Wednesday, February 15, 2012

"Don't Let Anyone In When Your Parents Aren't Home!"

This is a sneak peek into my memoir "Embraced Identity."  The insert is from the chapter titled, "Don't Let Anyone In When Your Parents Aren't Home!" This very rule I disobeyed and the consequences of being defiant changed my world forever....

..."One thing I have learned over the years is that rules are rules for the very reason of keeping one from danger, out of trouble, and guiding one in a direction where one will benefit from their very own actions. If you are not doing what you are not supposed to do, the likelihood is that you are doing what you are supposed to do.
The basic rules around the house were to do our chores and have them done before my mother got home; Be in the house within one hour after school (we would stretch it to being home before my mother walked in the front door from work), Don’t answer the phone unless we hear our parents on the answer machine telling us to pick up the phone, No watching television during the week (They literally had a chain and lock around the TV! That did not stop us from watching though), Do your homework, be polite and never be rude to your parents and, “Don’t Let Anyone In When Your Parents Aren’t Home!”....
When I was just a few days short of my fifteenth birthday, I came home from school as usual, and started washing the morning dishes.
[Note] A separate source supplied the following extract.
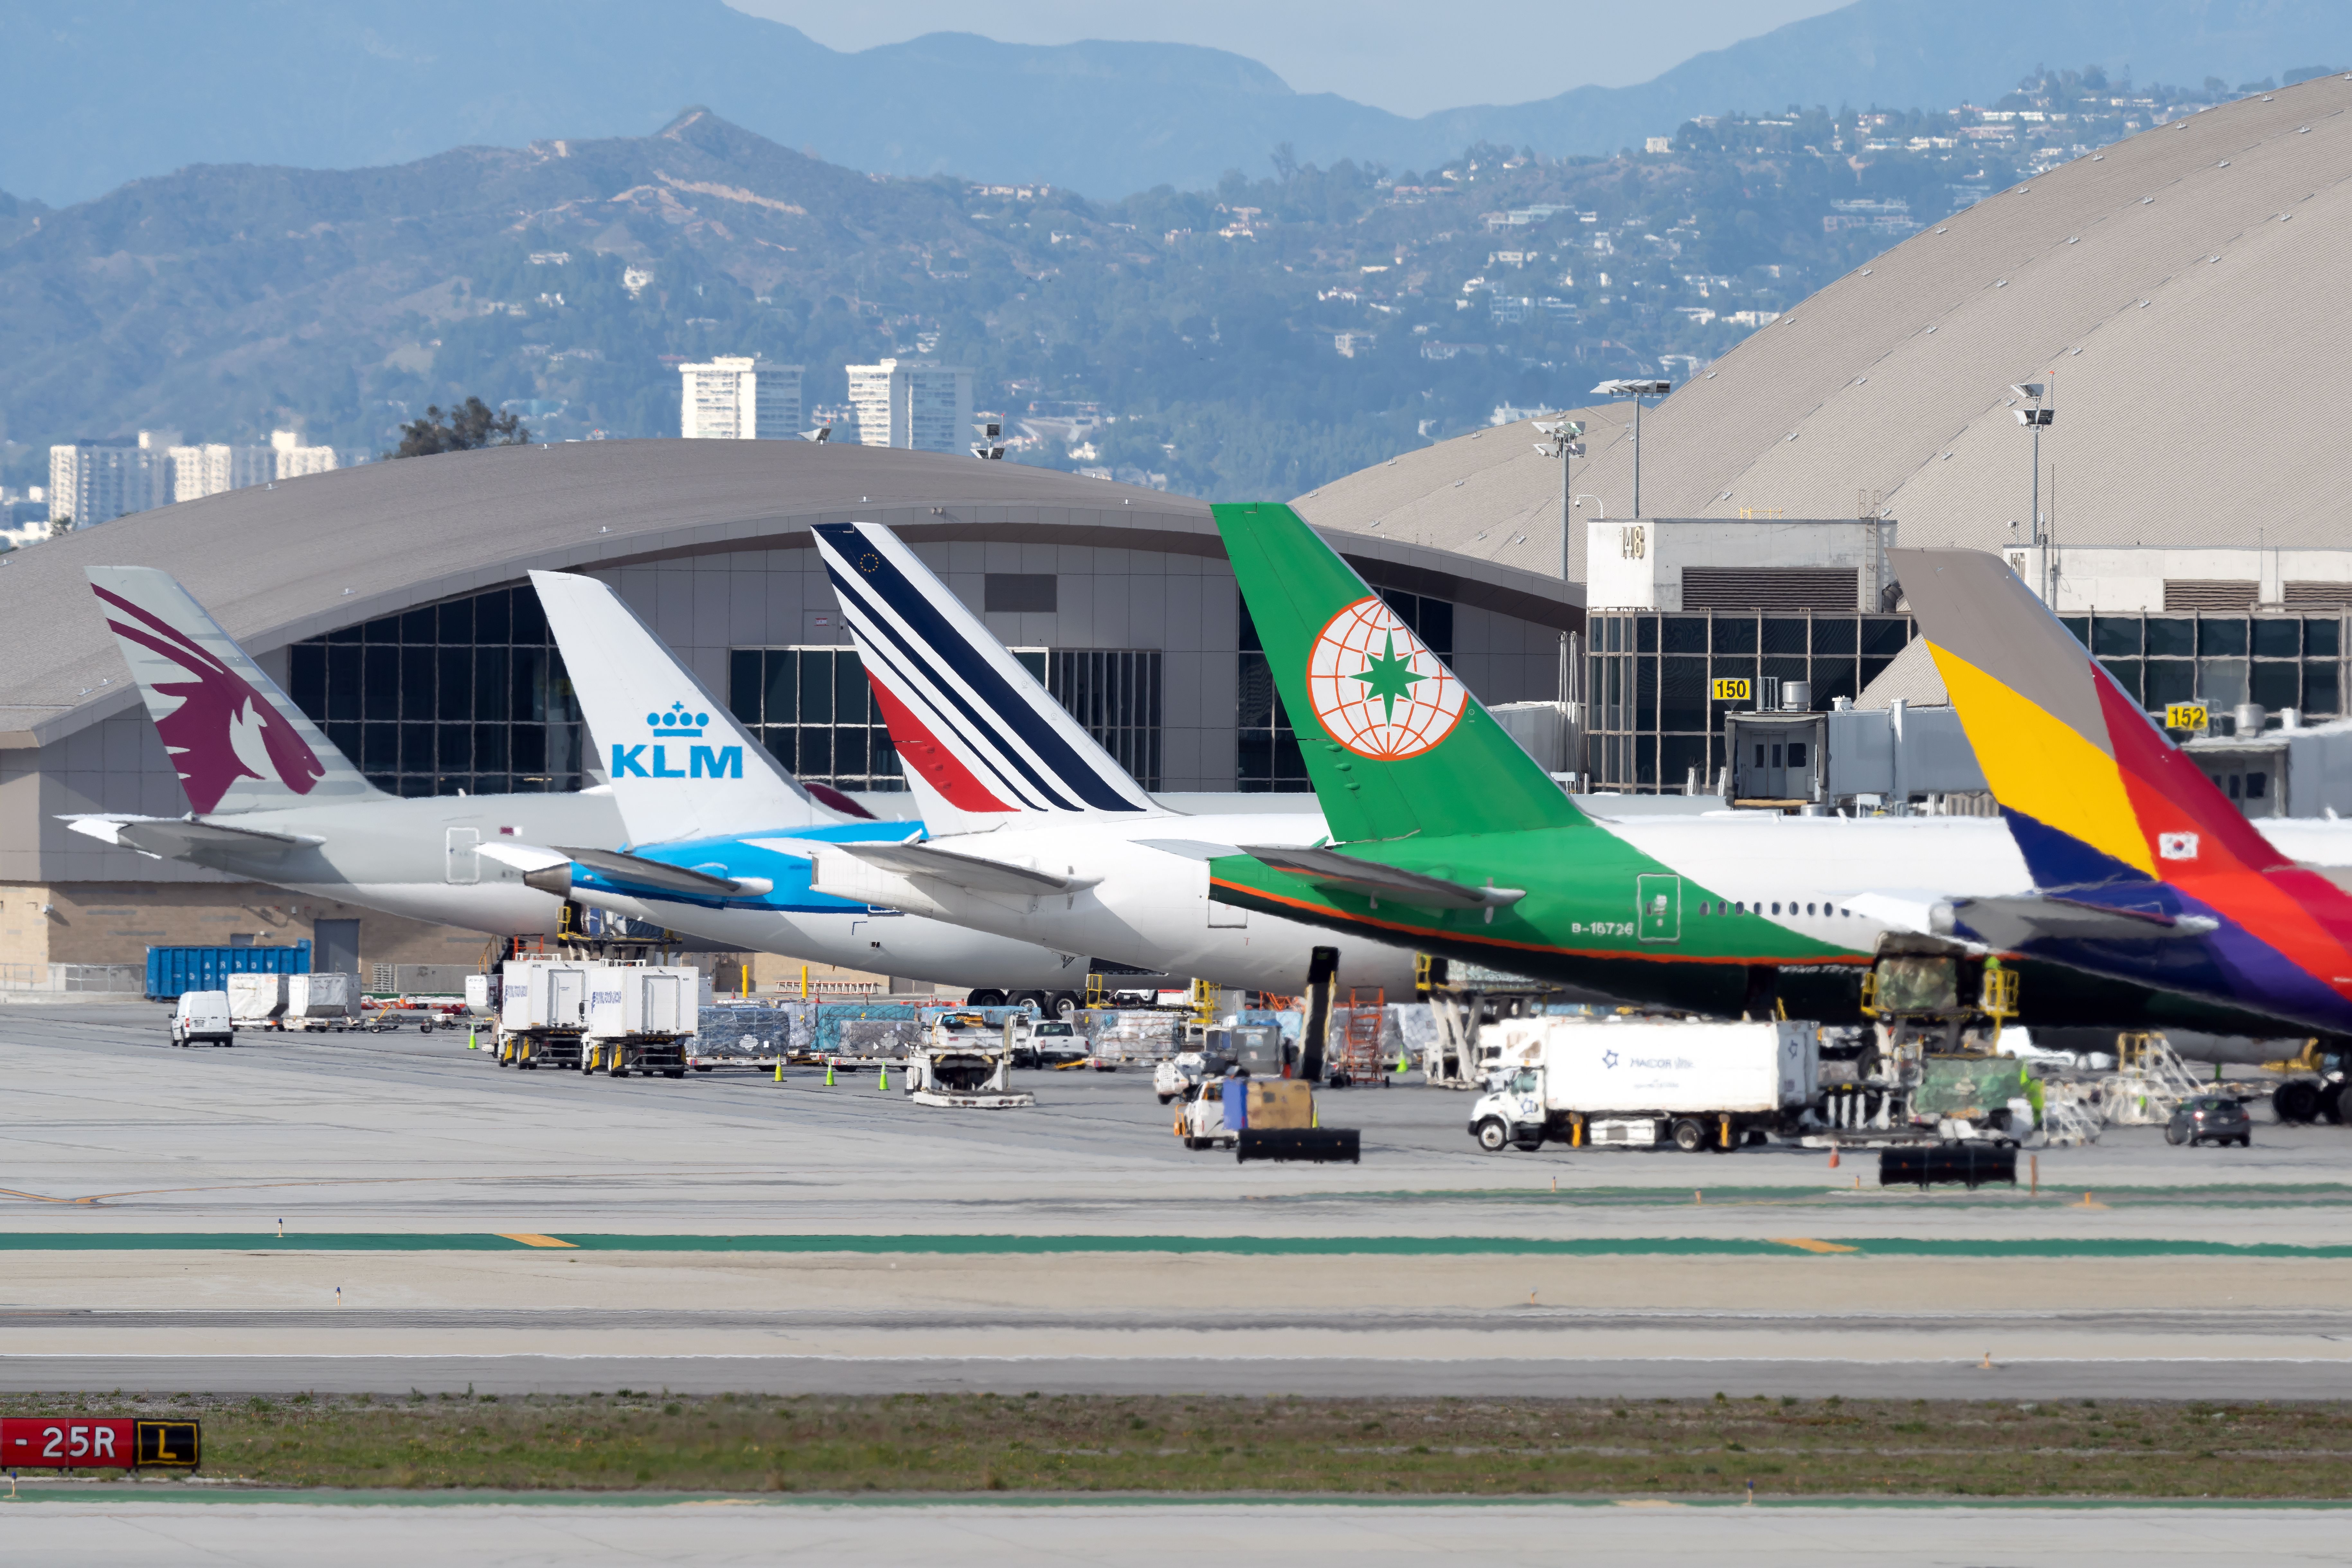 A lineup of planes from all around the globe at LAX.

There had been April showers that afternoon, so the distraction of wanting to be outside was not appealing. As I continued washing the dishes, I heard the door-bell ring. I turned off the water, and went to the front door. ...
I did not consider Brian just “anybody.” We had been neighbors and our families were good friends. I grew up with Brian, so my idea of the rule; “Do not let anyone in when your parents aren’t home” did not apply to him. I was very attracted to Brian and had a crush on him since I could ever remember. Teenage hormones and familiarity can be a mixture for disaster.

...I could hear Brian coming down the hallway, as he was taking his time to enter into each room and looking in the closets and under beds. ..As he went in each room, he called my name as he said, “Yvette, Where are you?” I began to get nervous as I heard him enter the restroom. I was trying to think of ways of escaping the restroom without getting caught. I thought if I jumped out and scared him, I could run out the restroom and be free. 
... I was in a dilemma. There was no way out and he was pushing beyond my own power, and I could not make him stop....

Monday, January 16, 2012

Summary of Embraced Identity

     My publisher FreedomInk gave me an assignment to write a summary of what my memoir was about.  I have been reluctant to put too much out until I am finished writing the book, but I think it is alright to do  it now.

Embraced Identity

     Embraced Identity is a memoir about a girl raised in an upper middle class African American family, whose life-style conflicts with the values that were set by her parents and society.  Yvette Porter grew up in Del Cerro, A largely Jewish & White neighborhood in the Suburbs of San Diego, California.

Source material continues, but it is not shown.